PROBLEM STATEMENT: Where a picture appears, leave it out, and transcribe all the lines below exactly.

DATASET EXTRACT:
□ □ □ □

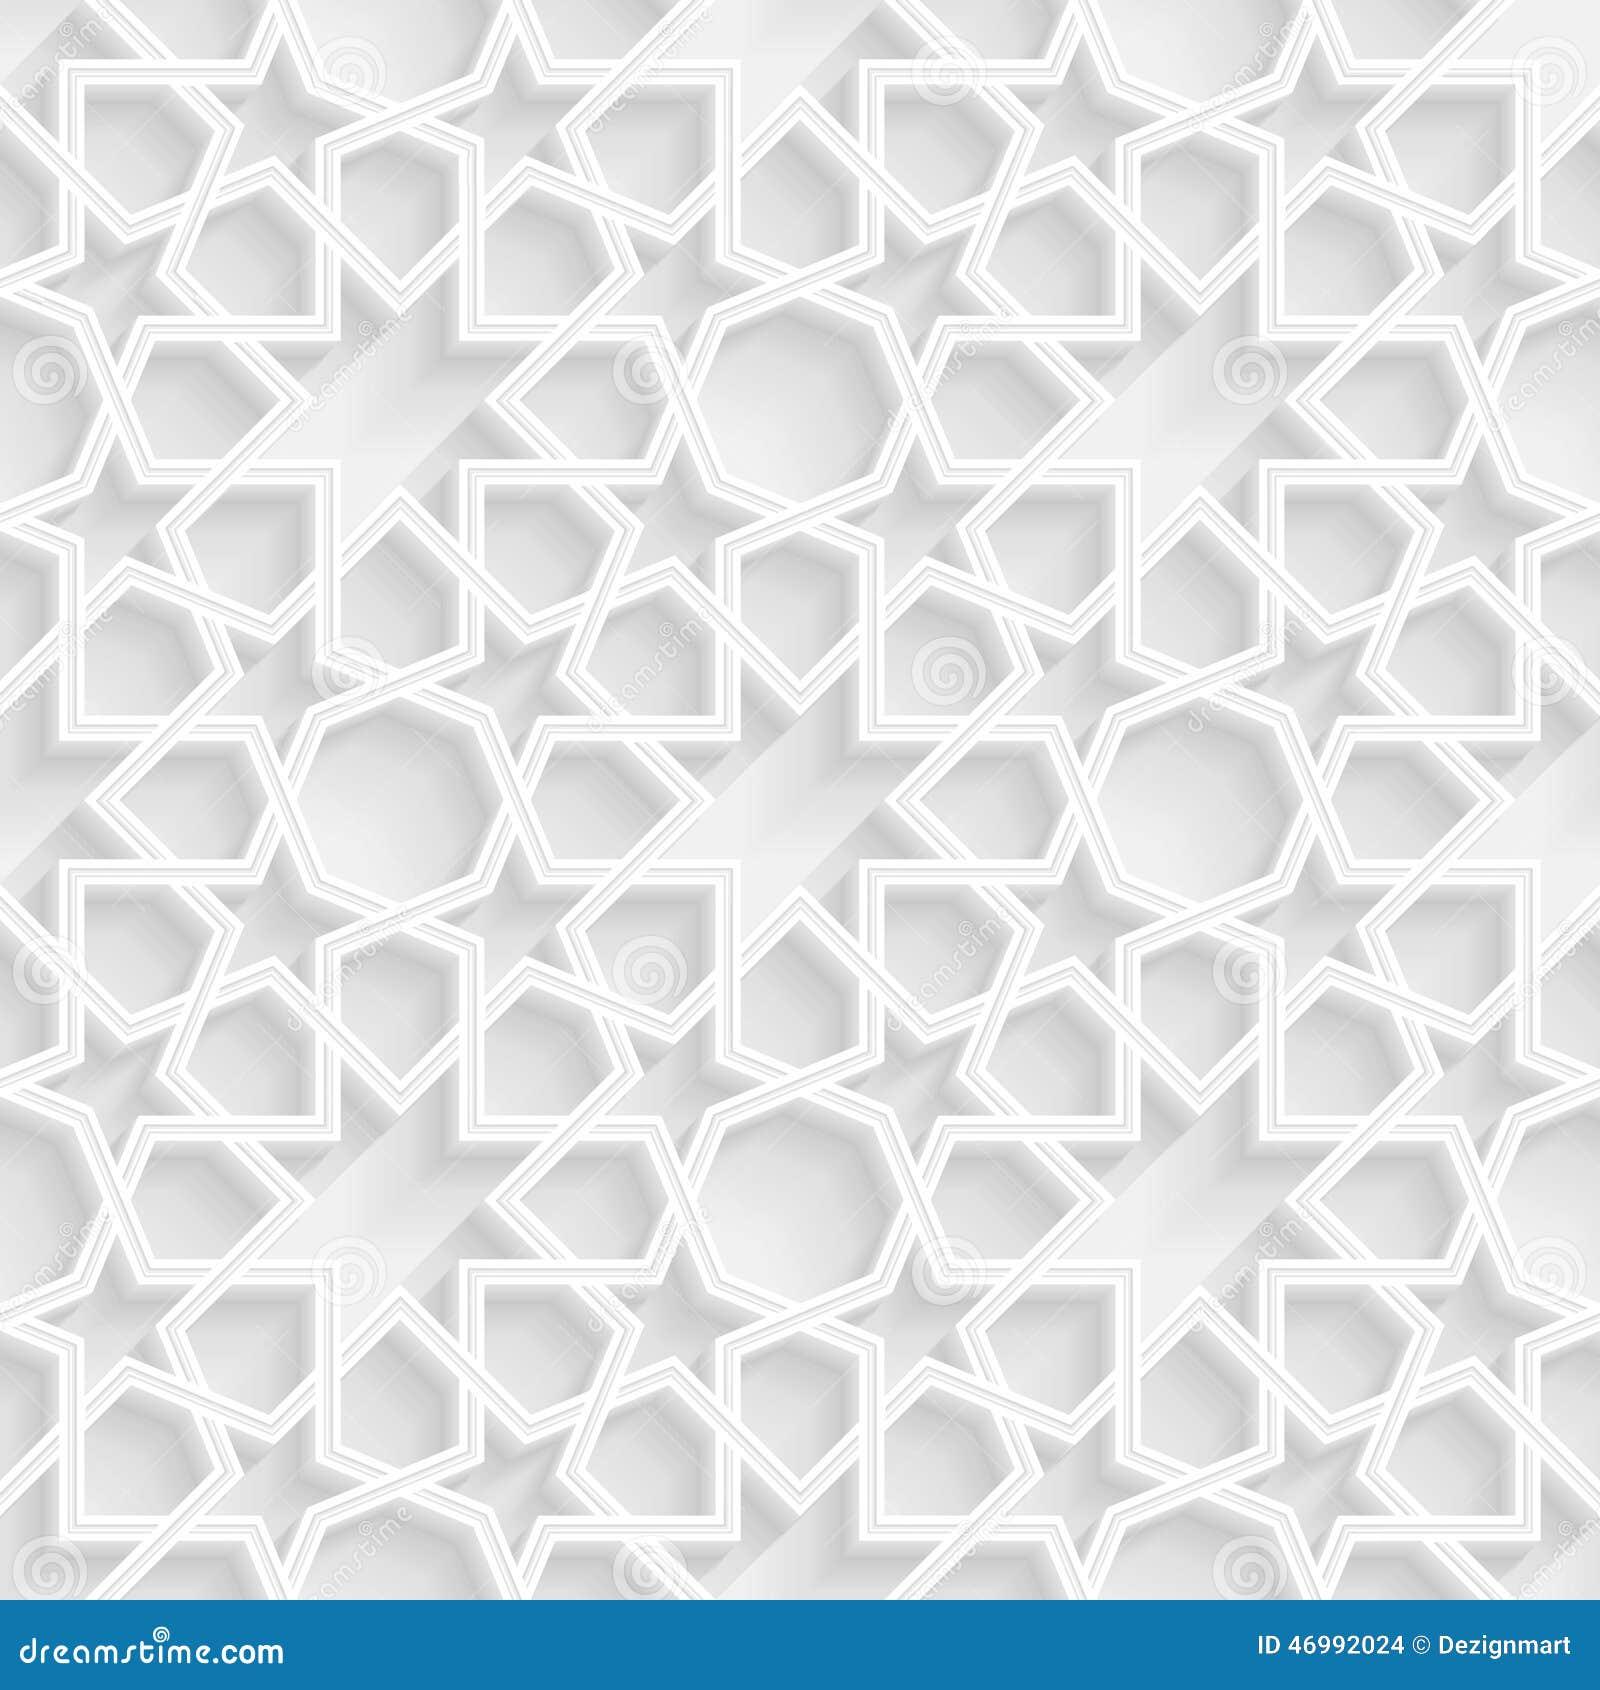 3d Geometric Star Pattern Background
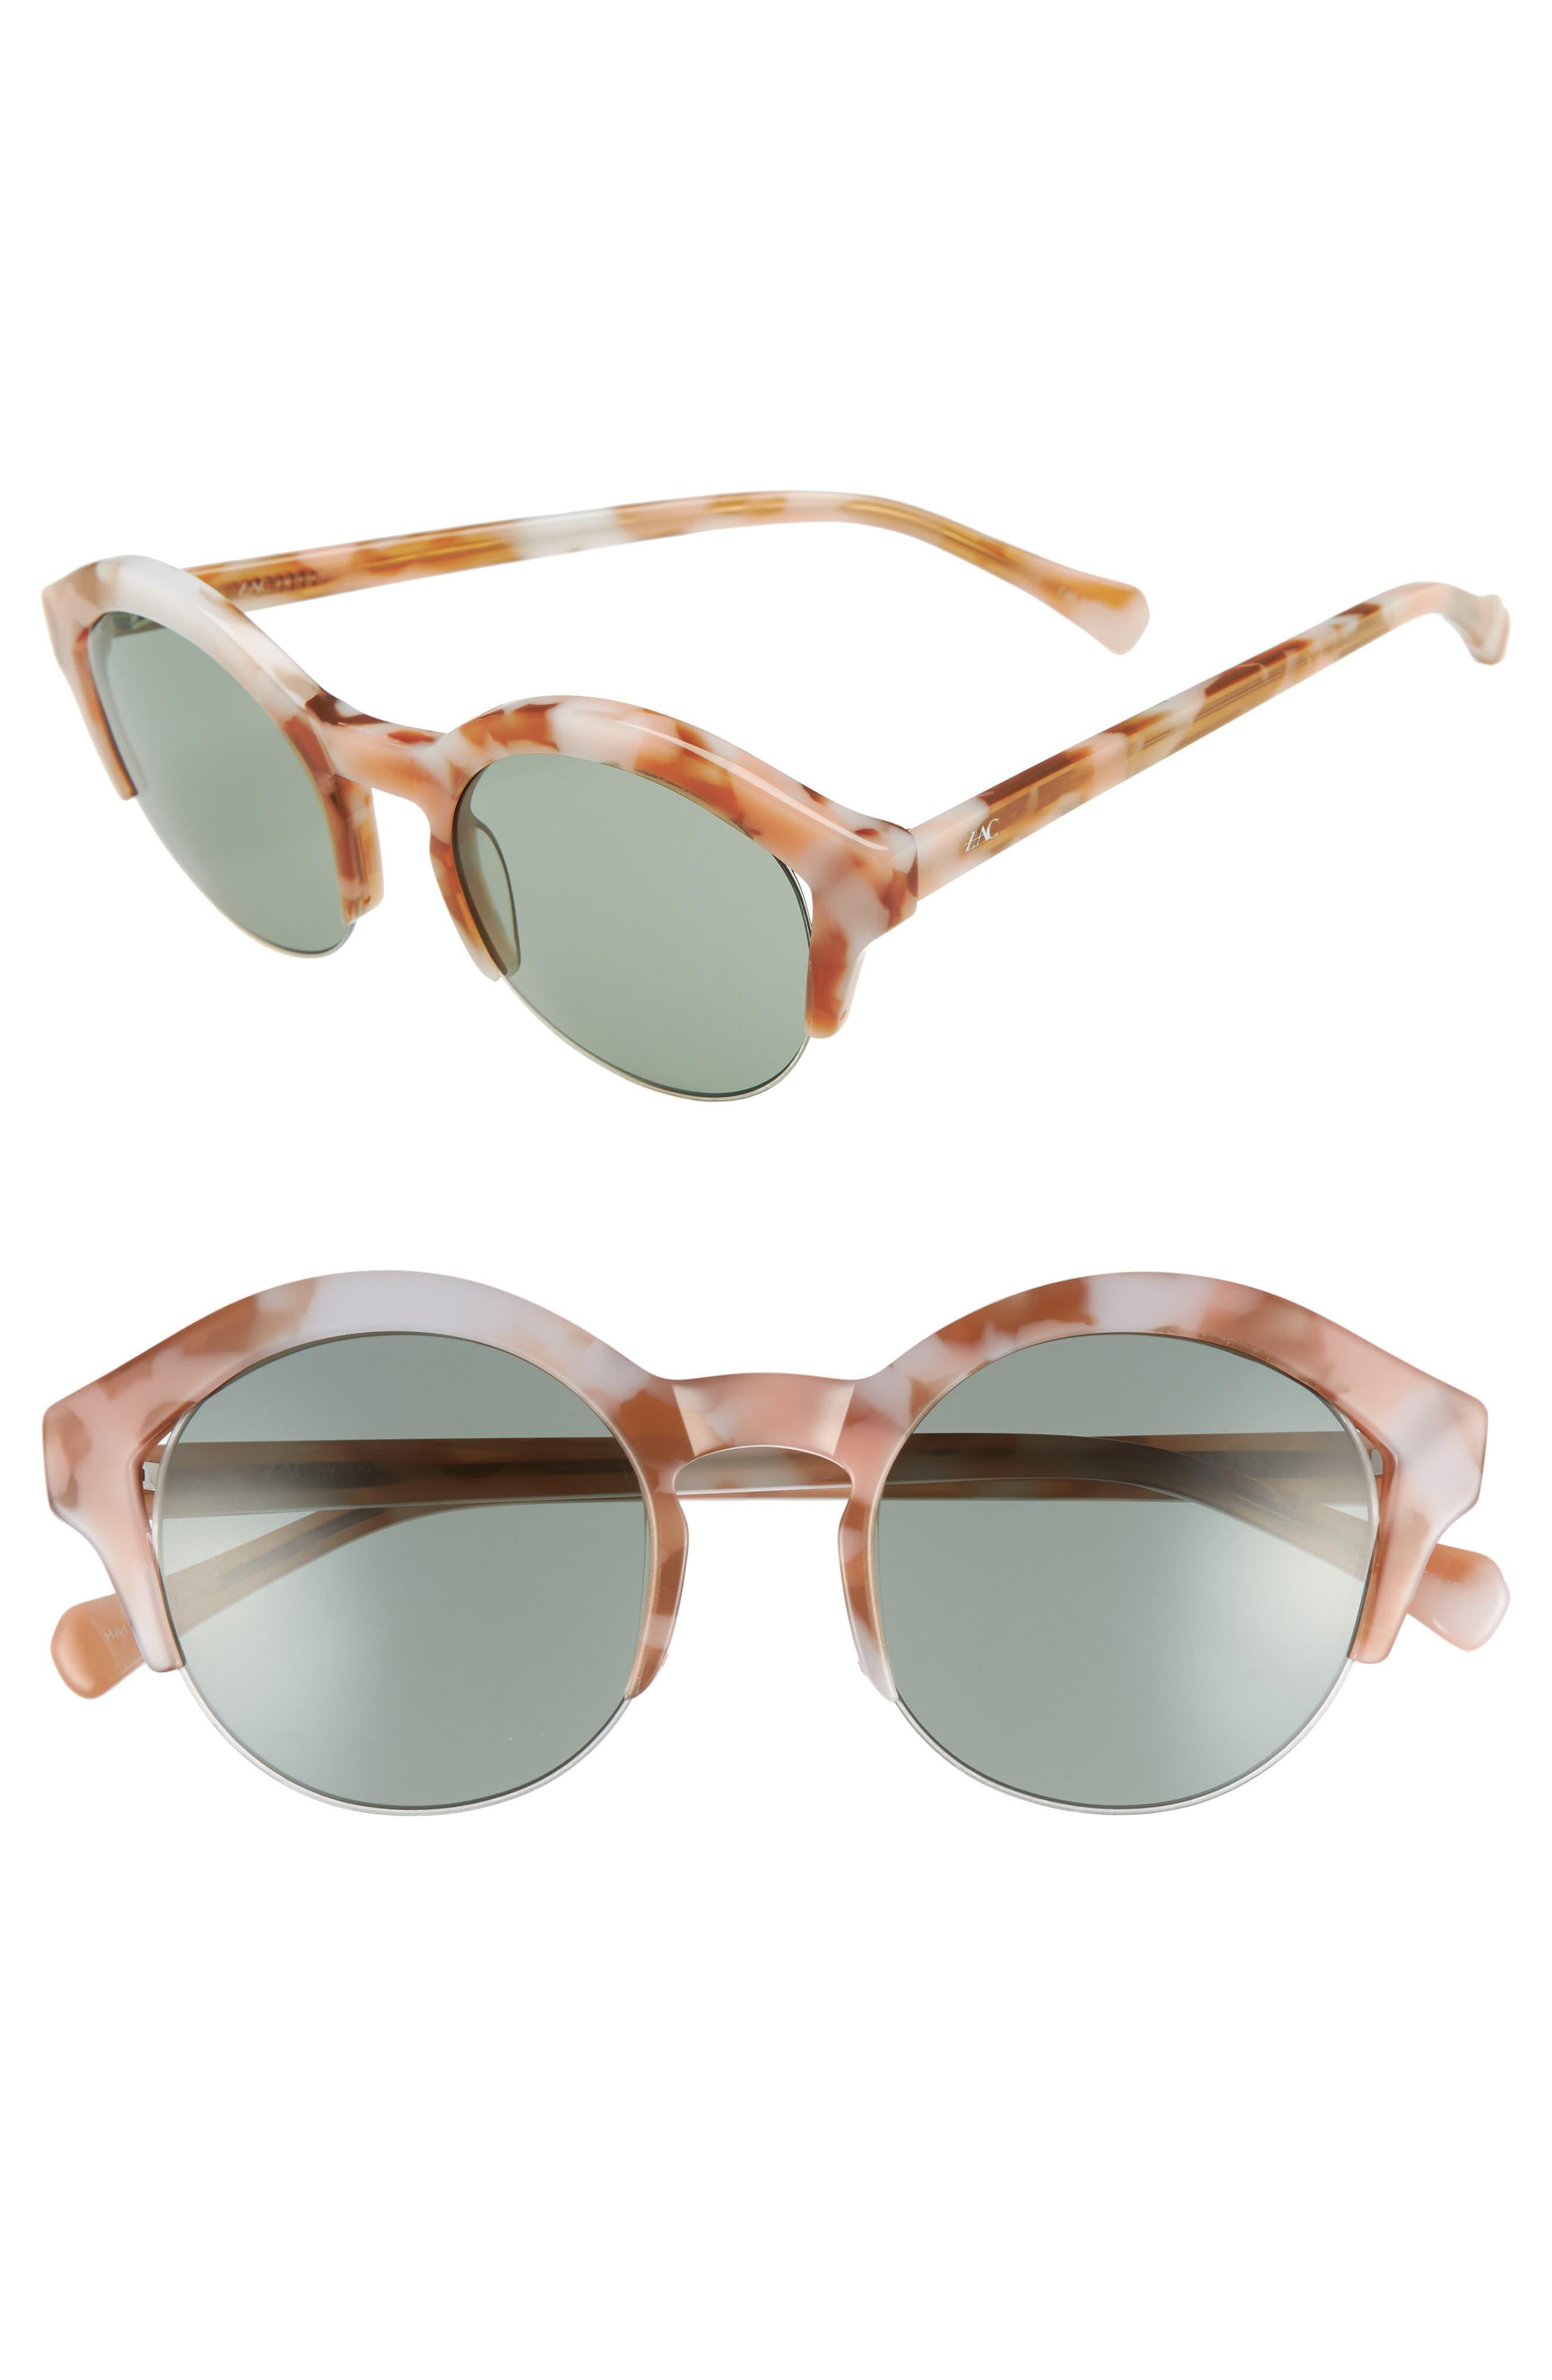 Bren 51mm Half-Rim Sunglasses,                             Main thumbnail 1, color,                             Pink/ Tortoise Green
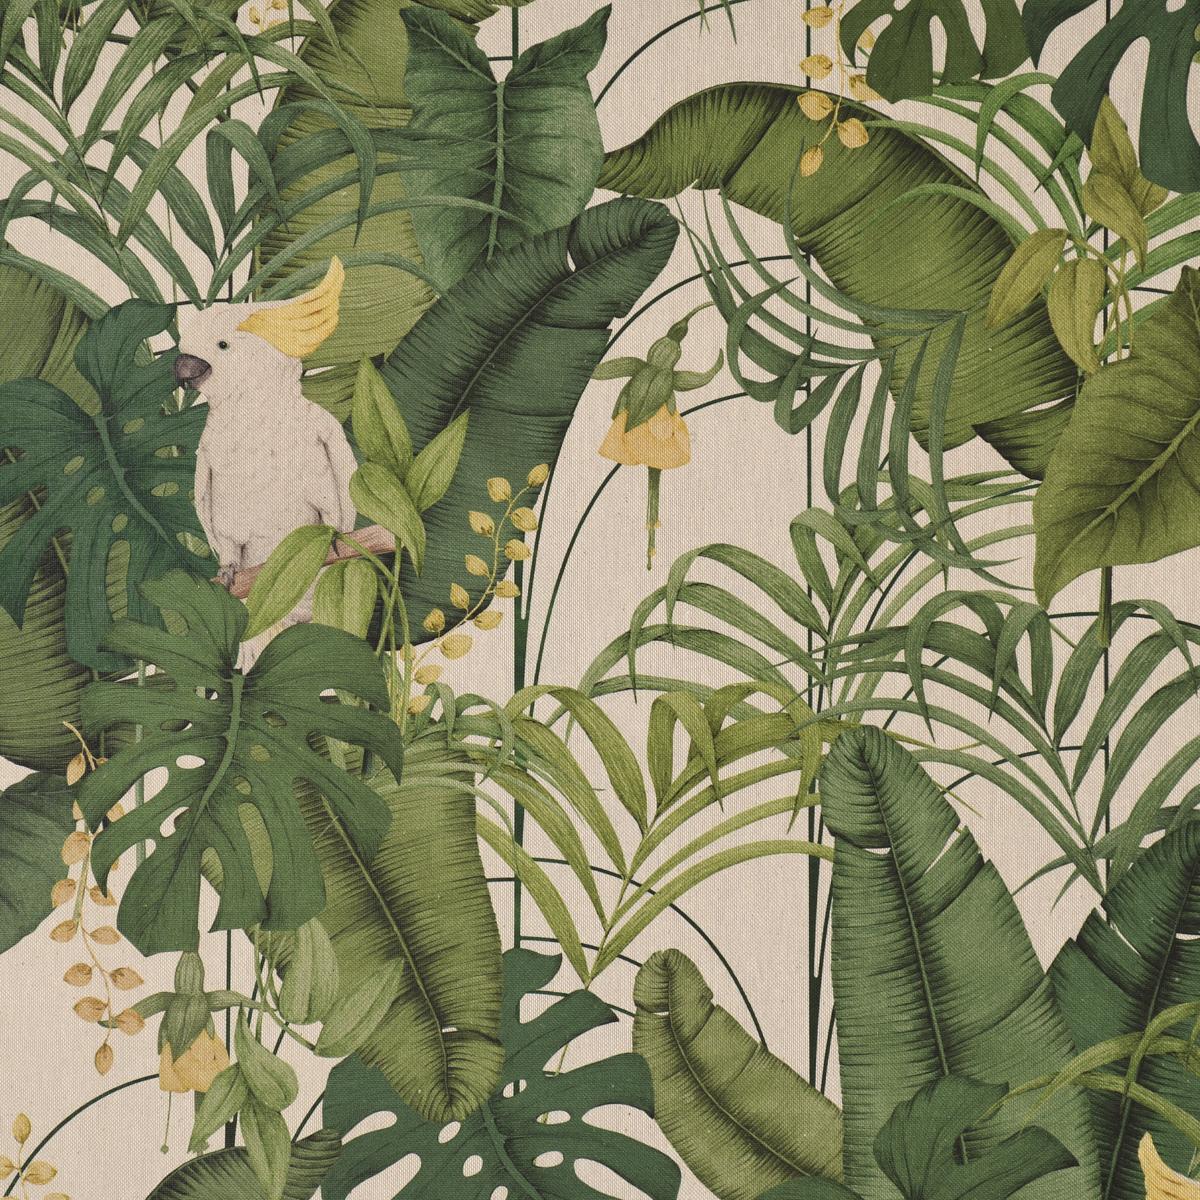 Dekostoff Halbpanama Leinenlook Royal Cockatoo Palmenblätter Kakadus natur grün gelb 1,40m Breite

□ □ □ □

FINISHED TASK:
 3d Geometric Star Pattern Background
 Bren 51mm Half-Rim Sunglasses,                             Main thumbnail 1, color,                             Pink/ Tortoise Green
 Dekostoff Halbpanama Leinenlook Royal Cockatoo Palmenblätter Kakadus natur grün gelb 1,40m Breite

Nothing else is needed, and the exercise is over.